The weather forecast was not looking good so we ended up waiting in Hoki with Al, Daves long time hunting mate (and tormentor) as well as finding some time to catch up with Abe (tuiman) in Greymouth. The weekend weather forecast remained shit with no call from our bush taxi so we decided the next port of call was to be with *Stagosaurus* in Whataroa and hope we can catch a break in the weather to get in. I am very jealous of you coasters, the place is just so beautiful and wild. I think we polished off two bottles of whiskey before getting out the door but finally the weather broke and we were off. We met *Smiddy* at James Scotts pick up zone and after a short but spectacular flight we finally were in Tahr country.

There was to be little respite though with a solid 3 hours of snow almost immediately after we had set up camp.

There was not much else to be done on day 2 with an end to the snow but still terribly cold. Pushing through the snow and scrub did not look very fun so Dave was good enough to give me an education in judging bull Tahr from afar. Two cigarette packets length in the horns before the tips with a mane back to the hip was our target. 
The Tahr certainly were not fazed by the weather and the snow was almost to our advantage as it betrayed any animal out of the scrub. It was fairly obvious what was a bull worth putting the spotter on as they had a swagger not unlike a bear with a heavy mane any lion would be proud of. By the end of the day we had located a few bulls worthy of further investigation and some that would be left to stay put due the impossible positions they had chosen to call home.

The next day a plan was made to check out a large open gutter up into the head of our area. We had seen bulls there and if needed we could sidle from there giving a vantage point into some other creek heads. Pushing up the creek gave a good view up an open face and a bull eventually revealed himself. At 300m he was well within reach and after a bit of hide and seek the shot was on. Another new experience for me was shooting a ported brake gun over snow. At the shot a shower of snow and shit was everywhere! The shot felt good but I could see nothing. We moved on up to where the bull should have been and were met by another bull and his nannies. They put on quite a show for us whistling and carrying on until we eventually pushed on. We found the bull a few feet from where he had been shot with another bull just below him oblivious. 

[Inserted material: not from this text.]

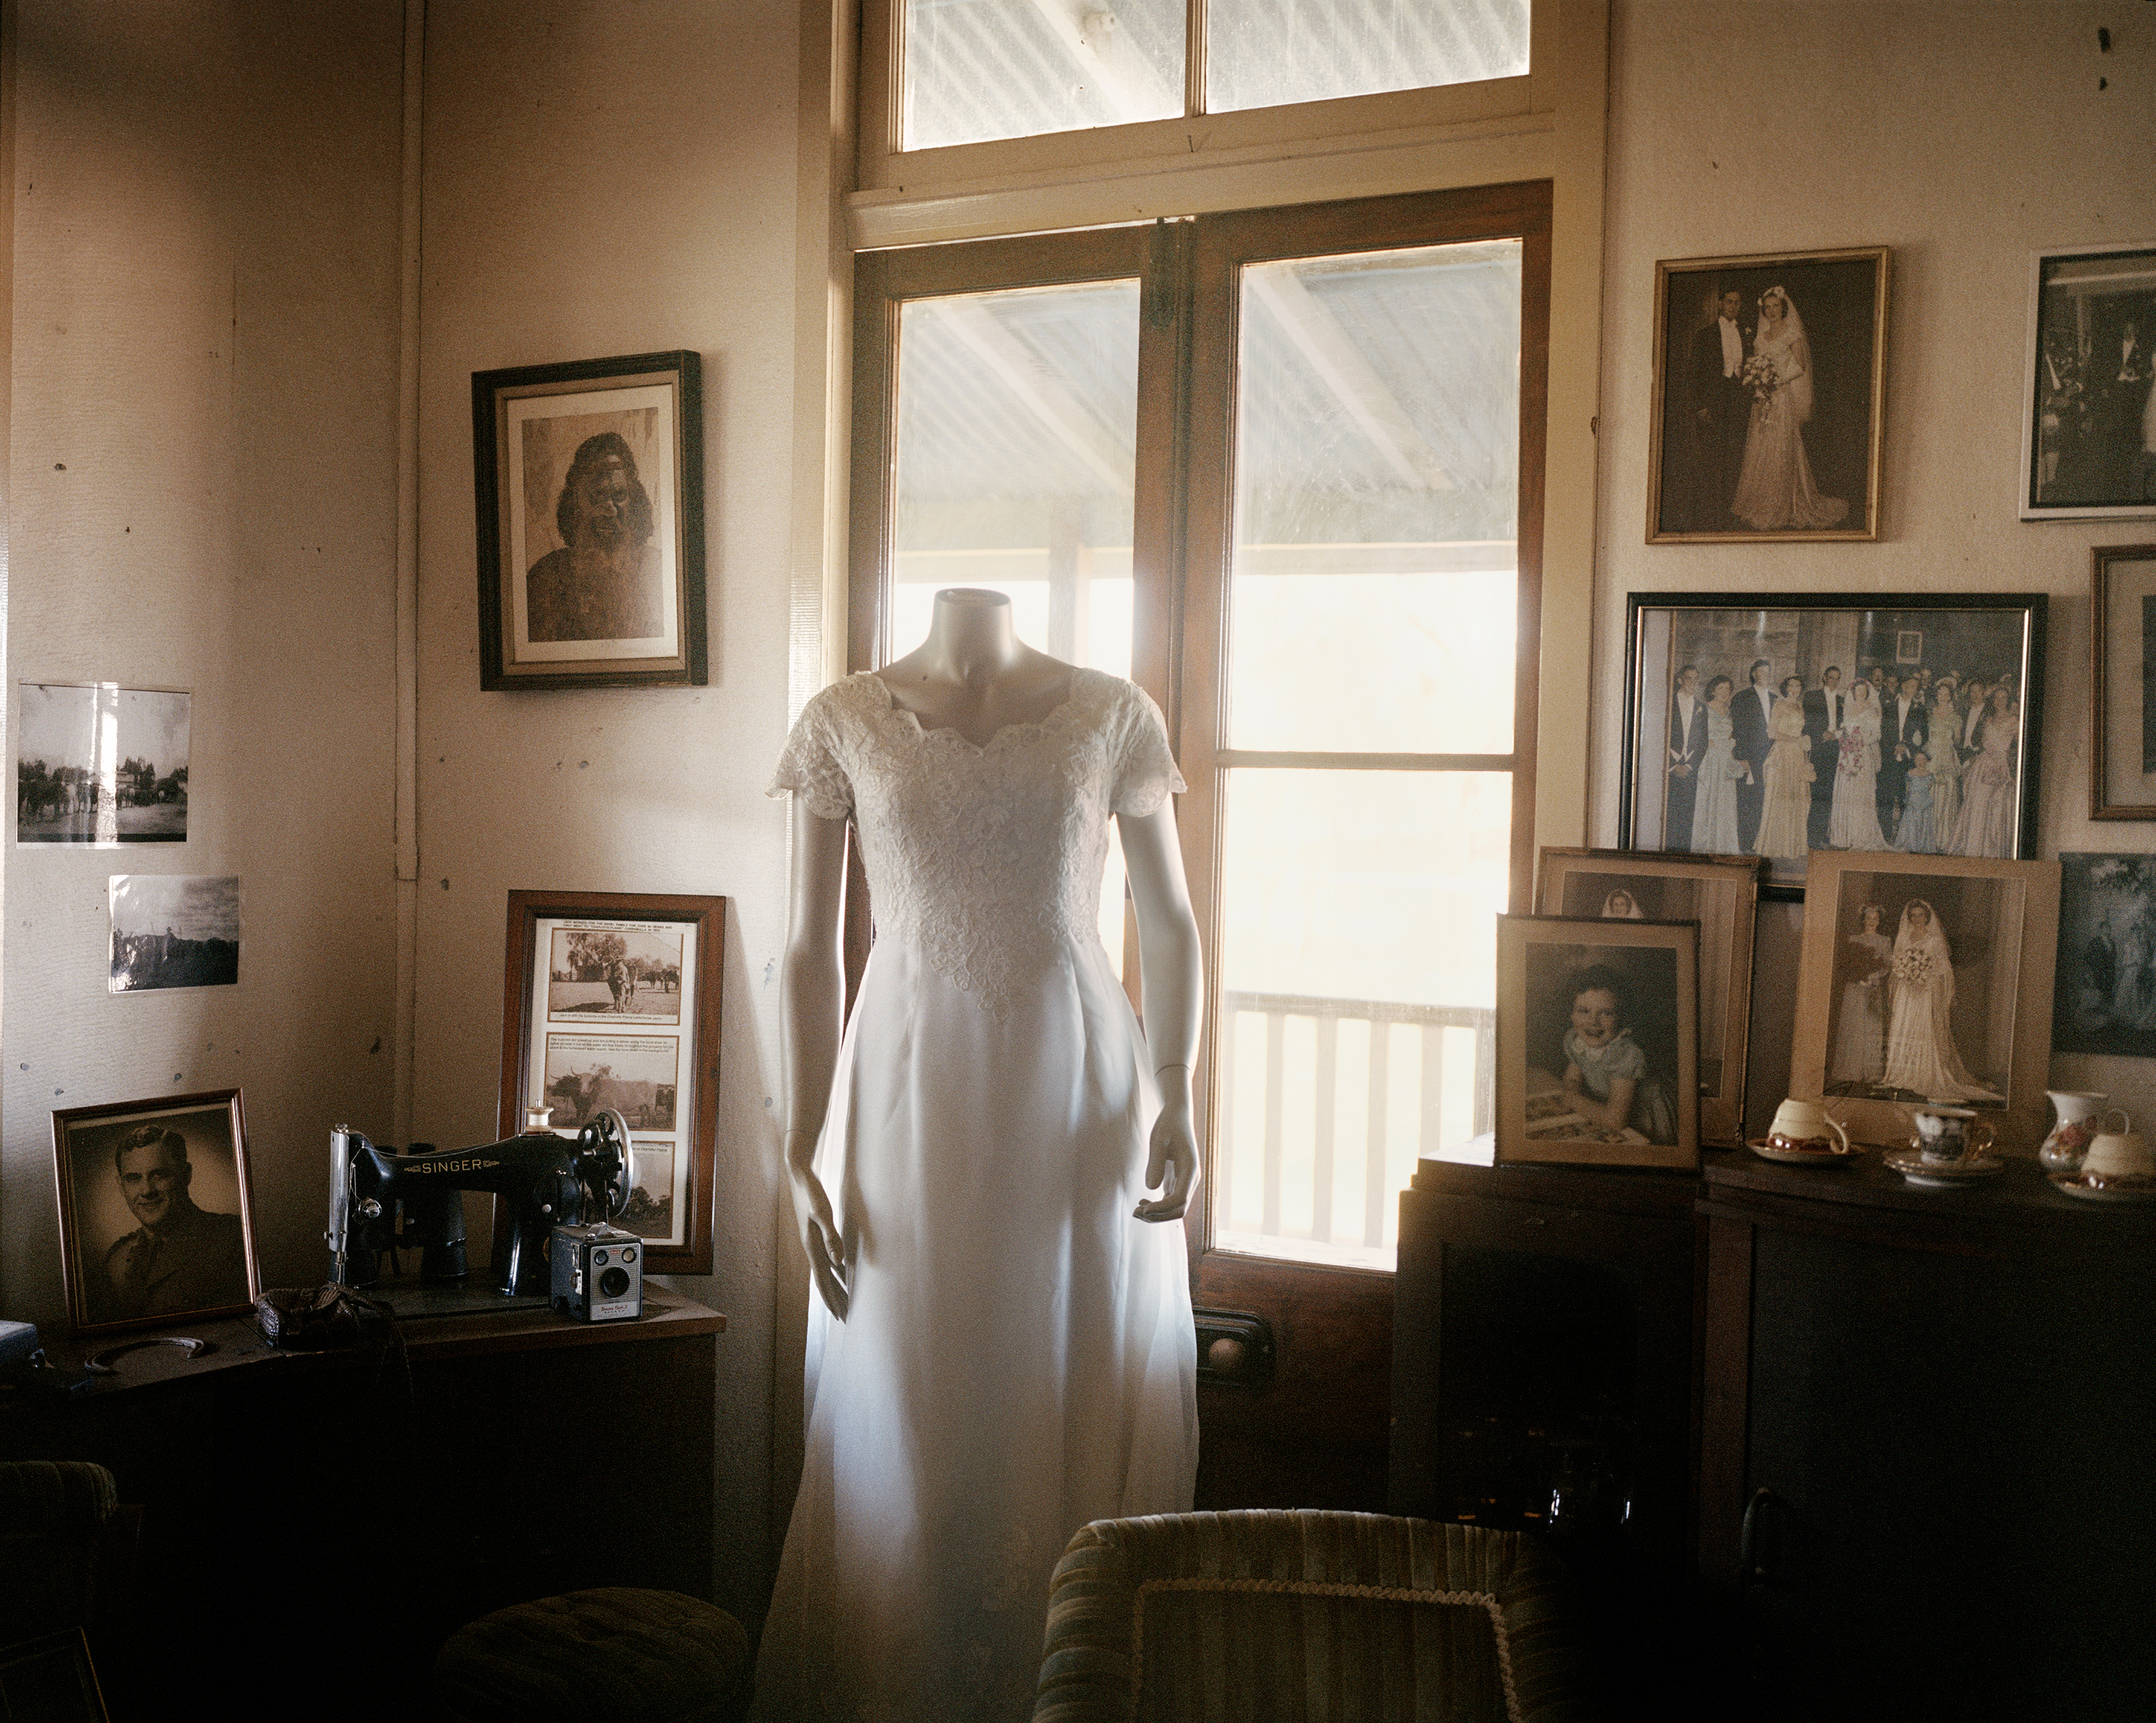 The wedding dress of Robyn Russell, 72, at her home on Charlotte Plains in Queensland in November. Russell lives and works her 69,000-acre property alone after her husband died of a brain tumor in 2011. Due to the drought, she describes herself "sliding into debt." In 2001 she had 8,000 sheep but she has since destocked to a current 3,800. To supplement her farm income, she has established a tourism business on her property with historical tours and farm stays. (Adam Ferguson for TIME)

This was just amazing for a Tahr virgin, three bulls all reasonable size inside of 30 minutes. 
 
We took the full skin off my bull as I figured it would make an amazing floor rug as well as legs and backsteaks off a nanny I also shot for meat. The hide certainly had some weight to it and permeated a rather strong Tahr smell into my daypack (much to the displeasure of my fellow Air NZ travellers on my return trip home).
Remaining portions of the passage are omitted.